Tuesday, January 6, 2009

First Ride of the New Year: Tucson RTE

A new riding year and it's off to Tucson AZ for an MTF RTE. The last time I was westbound beyond San Antonio's borders was when I rode to San Diego for the 50CC. This trip two fellow MTF members - Ray and Don - would be joining me in the ride from TX to AZ. We met in Kerrville Dec 29 for dinner at Cracker Barrel, then got on the road early the next day to ride some of Hill Country's best offerings. Highway 16 and FM 337 tortured us on tight, steep twists, spitting us out in Leakey where we headed south on US-83 to US-90. The many low water crossings were bone dry - thankfully - and no deer were spotted.

We had lunch in Del Rio and then turned due west into a strong head wind. A must-stop along this stretch of the greater Pecos is the Pecos River overlook. The waters were high, and the Rio Grande could easily be seen at the mouth of the Pecos. A little further along 90, Langtry sits amidst the dust and cactus, the dry air preserving the original saloon where Judge Roy Bean meted out his justice. The visitor center is a good place to take a break. Walking through the old saloon, leaning on the old wooden bar, Don wondered at the history that took place in that small room. This is the original building, rescued and preserved by Texas state park commission. Judge Roy Bean built another building behind the saloon, and called it the Opera House. He was smitten by Lily Langtry and hoped that the new building would convince her to come to Texas. She did come, but just months after Judge Bean died.
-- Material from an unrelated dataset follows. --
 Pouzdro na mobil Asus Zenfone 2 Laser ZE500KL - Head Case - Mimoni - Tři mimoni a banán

The next gas opportunity would be Sanderson, and it would be a stretch for one of our riders, on a Suzuki DR-650. Our stop for the night - New Year's Eve - would be Ft. Davis and we arrived just as it was getting dark. The late afternoon sunlight reflected on the mountains, turning them a rich orange as we rode north toward town. The air was getting brisk, but I hardly noticed, as I enjoyed the high speed sweepers on 118.
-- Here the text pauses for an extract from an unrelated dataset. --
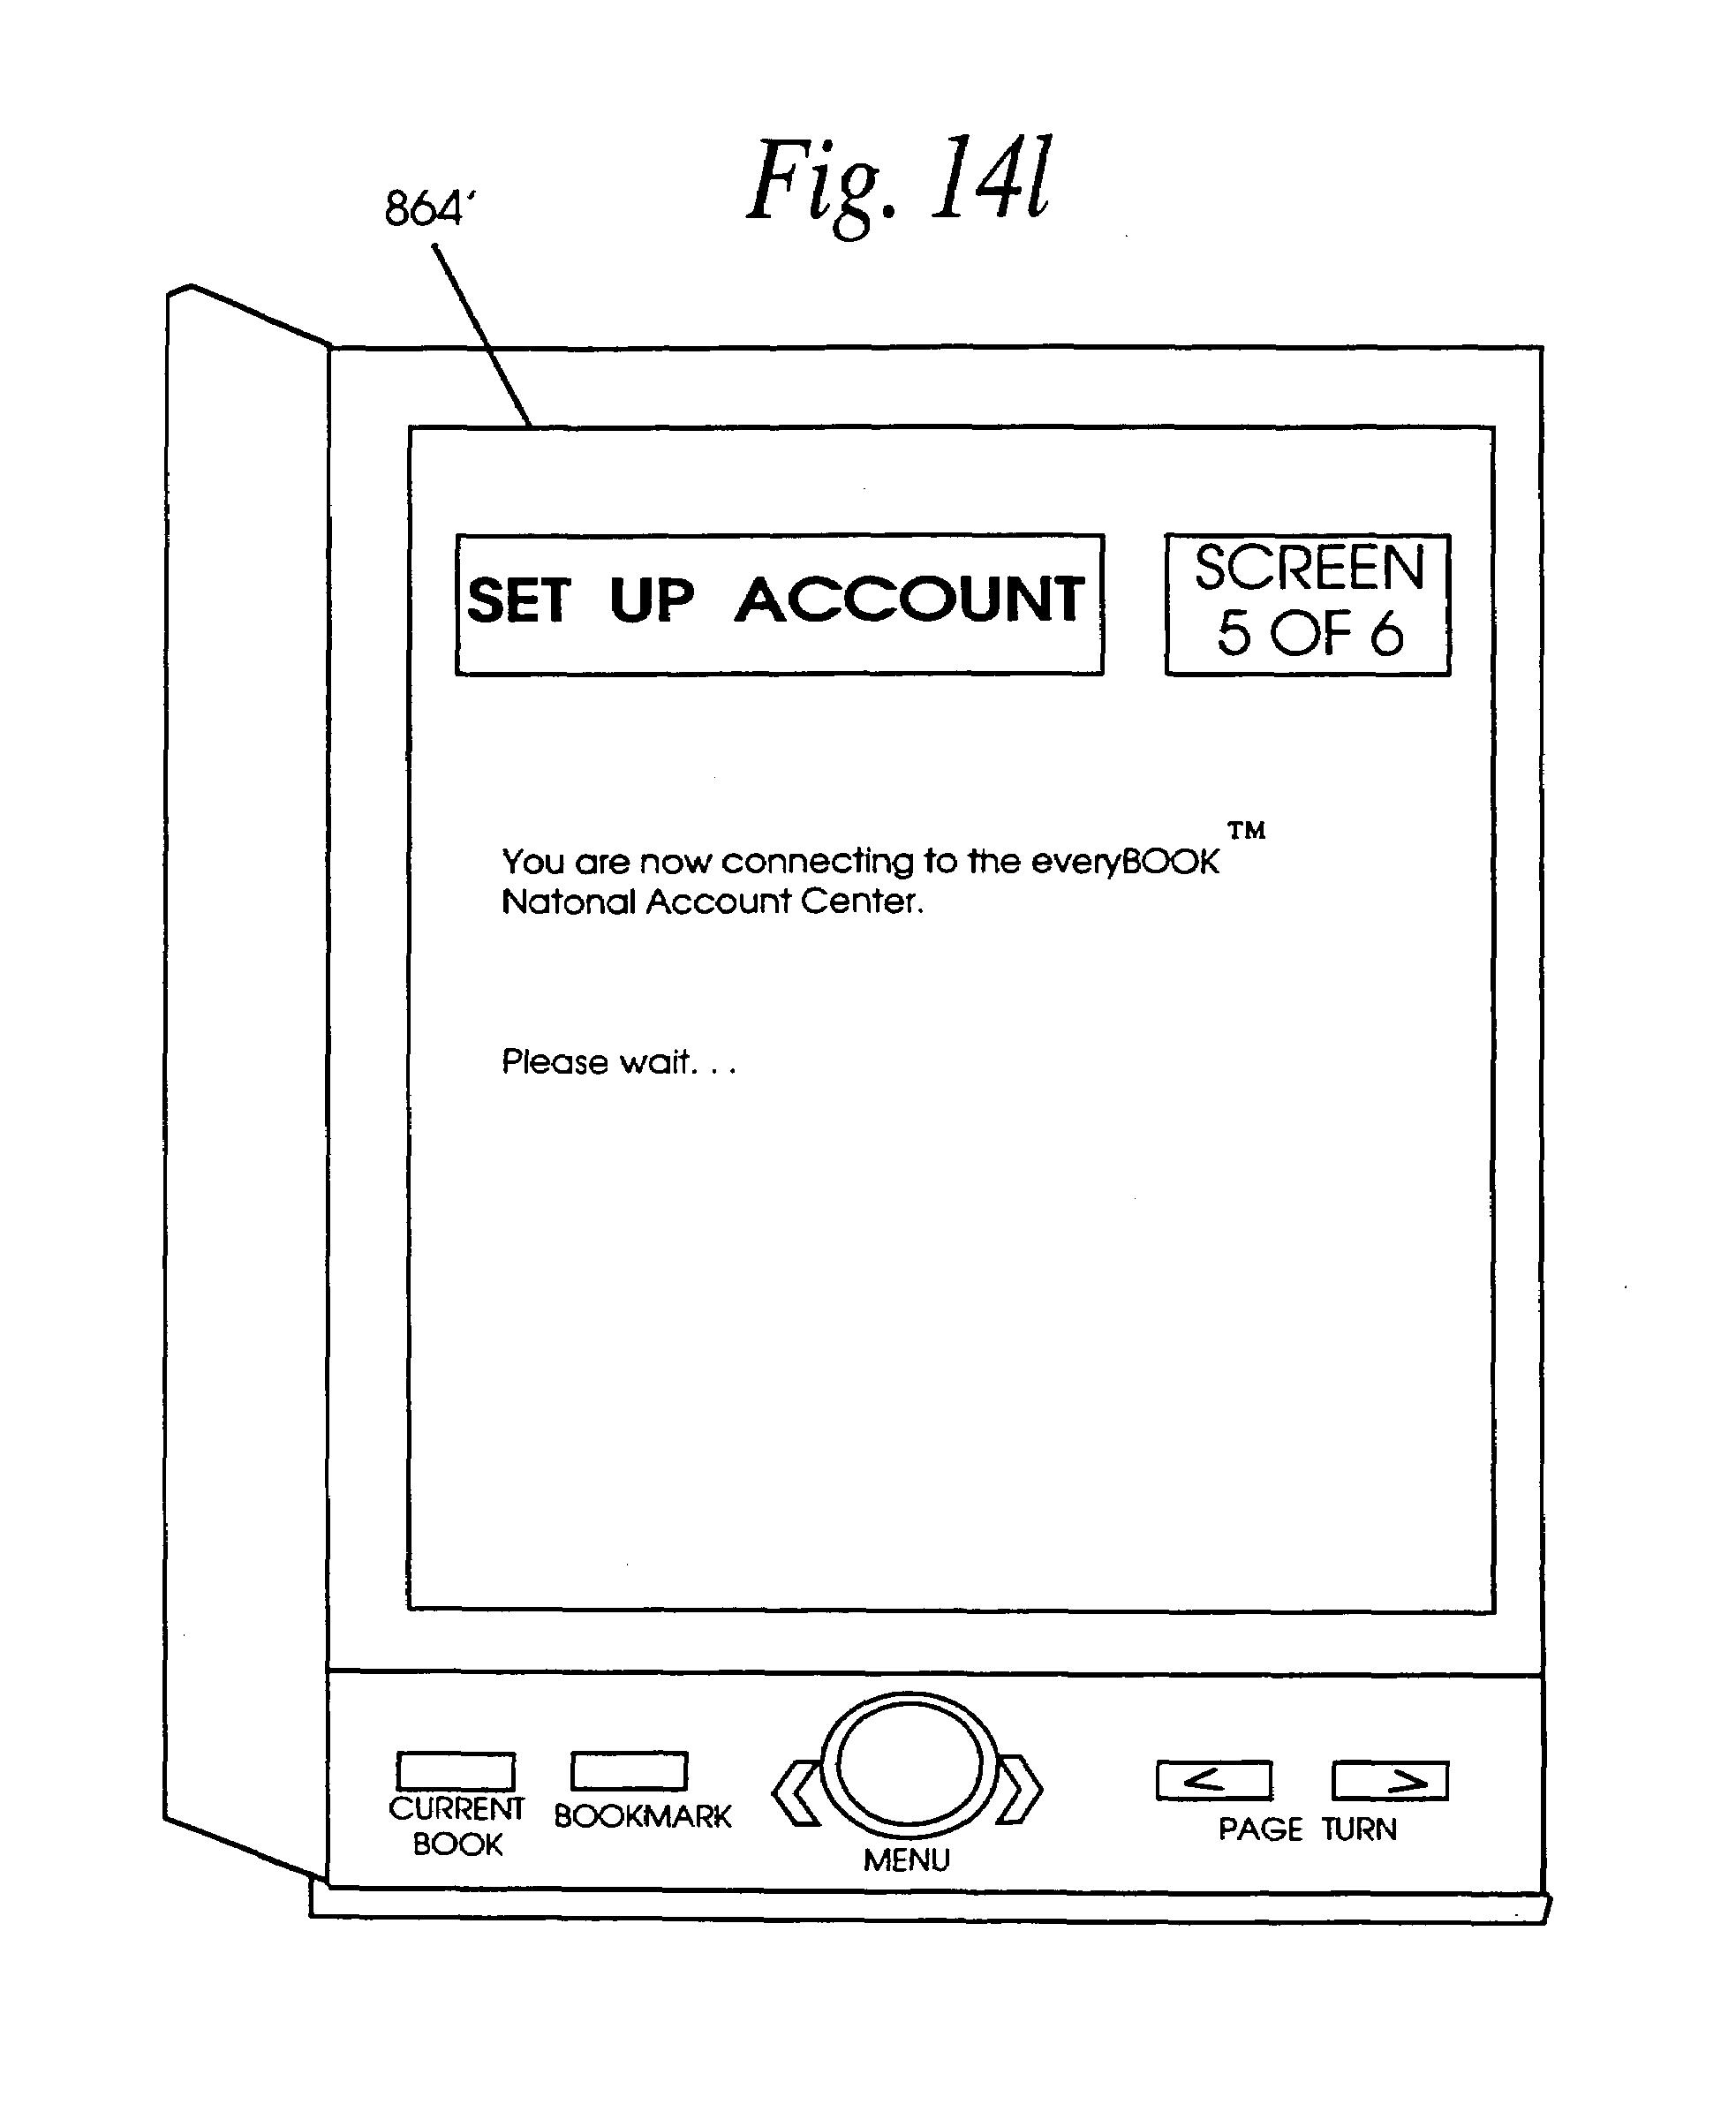 Patent US 7,716,349 B1

Not much was open in town, except the restaurant at the Lympia Hotel, so we continued to the Ft. Davis Motor Inn, got checked in, and rode back to town for dinner. We had a bottle of champagne tucked on one of the bikes, so had an early New Year's celebration. I was tired and ready to call it an early night. We'd have a very long day the next day.

Temps were in the low 40's when we left the motel and rode north on 118 toward McDonald Observatory. The visitor center was closed and two of the three of us didn't care to ride to the top, so we continued on 118 north through very pretty and deserted country. Beyond the Observatory, the road becomes very narrow and twisty, as it climbs and dips over the rugged terrain. Coming around one of the tight twists I could see ahead to the next hairpin and noticed Don's brake lights. When I'd caught up with him, there were two enormous bucks standing on the shoulder. They were frozen in place and I had a few moments to admire the really large antlers on the one on the right. The one on the left was certainly a prize specimen as well. As Ray caught up, the two deer bolted off the shoulder and into the woods.

We turned onto 166 to continue riding the Davis Mountain Loop. This stretch of road was more relaxed, with fewer tight turns but many roller coaster hills. As the road turned south I had a fantastic image of Don on his bike with Baldy Peak in the background. It would have made a winning photo for sure! We turned west onto 505 which would take us to 90 and a straight shot northwest to Van Horn and I-10.

It would be all business getting to Tucson before dark. Gas stops were brief and we took no lunch break, intent on getting into Tucson. We would be staying at the Red Roof Inn with a Dennys next door, a perfect place to spend the next two days.